There Ought to Be a Law Against Hate

I was 18 and just about to start college. My mother never got to see me off....

OAK CREEK, Wis. — LAST week, the Department of Justice indicted Dylann Roof, the suspect in the shooting deaths of nine people in Charleston, S.C., for hate crimes. Officials said they were bringing this indictment because they were worried that the racial motivation in the case would not be addressed adequately by a trial in a state court.

The reason for this concern is that South Carolina is one of five states (the others are Arkansas, Georgia, Indiana and Wyoming) that, according to the Anti-Defamation League, have no laws enhancing penalties for bias-motivated crimes. The national profile of the massacre in Charleston has stirred this action, but as a rule federal hate crime prosecutions are rare.

Since federal hate crime legislation passed in 2009, the government has obtained only 29 convictions. Compare this with New York, where in 2013 alone (the most recent year for which data is available), state prosecutors reported 149 hate crime convictions.

Handling hate crimes at the local level allows states to better document, analyze and prevent hate crimes in their jurisdiction.

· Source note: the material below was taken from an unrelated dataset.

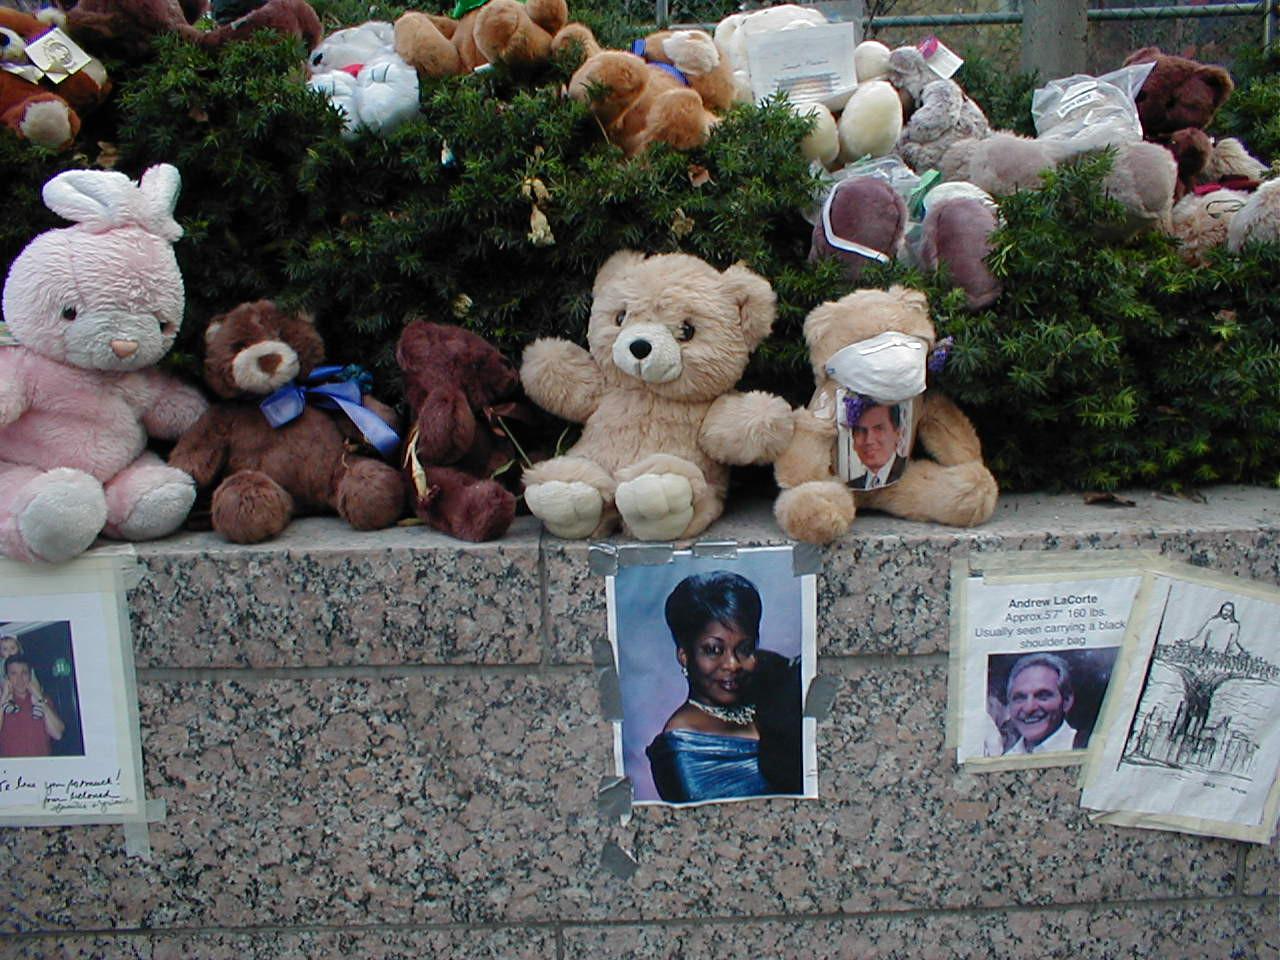 Wailing Wall of Teddy Bears (2001)

The A.D.L. cites studies demonstrating that “victims are more likely to report a hate crime if they know a special reporting system is in place.”

The logic is simple. If I see a crime, I am more likely to call my neighborhood police department than try to contact an F.B.I. field office.

Like most Americans, I rarely interact with federal law enforcement. If I fear my Sikh community is under threat, I look to state and local agencies for protection.

This is not a hypothetical situation. Three years ago next month, a white supremacist walked into the Oak Creek gurdwara, a Sikh temple, and fatally shot my mother, Paramjit Kaur Saini, and five other worshipers.

I was 18 and just about to start college. My mother never got to see me off.

After her death, I determined to make sure that her status as a victim of a hate crime would not go unrecorded. I had no experience in public speaking — at school, I had hardly ever raised my hand — but six weeks after the Oak Creek massacre, I summoned all my courage and went totestify before a Senate hearing on hate crimes and domestic violent extremism.

Although my home state has a hate crime law, the federal government, I discovered from investigators in the aftermath of the Oak Creek shootings, did not record hate crimes against the Sikh community. At the hearing, I argued that my mother should have the dignity of her death recorded accurately for what it was.

Eight months later, in 2013, the F.B.I. agreed to change its policy, and it now tracks hate crimes against Sikhs, as well as Hindus and Arabs, as it does for other communities that can be targets of bias-motivated violence.

Wade Michael Page, the neo-Nazi who killed my mother, died at the scene of his crime by a self-inflicted gunshot wound, after being hit by police gunfire outside the gurdwara. Because of the massacre’s notoriety — the attorney general at the time, Eric H. Holder Jr., described the killings as “an act of terrorism, an act of hatred, a hate crime” — a federal prosecution might have followed if Mr. Page had survived to stand trial.

Even without that intervention, though, he would have faced the more severe penalties attached to hate crime charges in a Wisconsin court. That matters because state hate crime laws represent the local public commitment to protecting communities that may be targeted for their race, religion or ethnicity.

Since the June 17 shootings in Charleston, at least eight predominantly African-American churches in the South have burned down — incidents that demand hate crime investigations. Many suspect that these fires were set deliberately in attacks designed to terrorize the African-American community.

Without a hate crime law, however, South Carolina would probably file only arson charges against any culprits. In addition, there is a clear reluctance on the part of law enforcement and local authorities to label these church burnings suspected hate crimes.

Research by the Southern Poverty Law Center has found that South Carolina alone is home to six neo-Confederate groups, four white nationalist organizations, two factions of the Ku Klux Klan and three neo-Nazi groups. It is only a matter of time before a deranged individual or group influenced by their creed of hate strikes again.

Wendell G. Gilliard, who is the state representative for the district where the Emanuel African Methodist Episcopal Church stands, is a co-sponsor of a hate crimes bill introduced in the last session of the South Carolina Legislature. He has vowed to redouble efforts to pass the law.

This is an opportunity for South Carolina to lead, and the other four states to follow, in enacting laws that could help to deter another tragedy like the ones in Oak Creek and Charleston. An act of hate should always be counted and we must have laws in every state to protect Americans from these heinous acts of violence.

We can’t bring back the loved ones, like my mother, whom we have lost to hate. But we can demand laws to better protect us.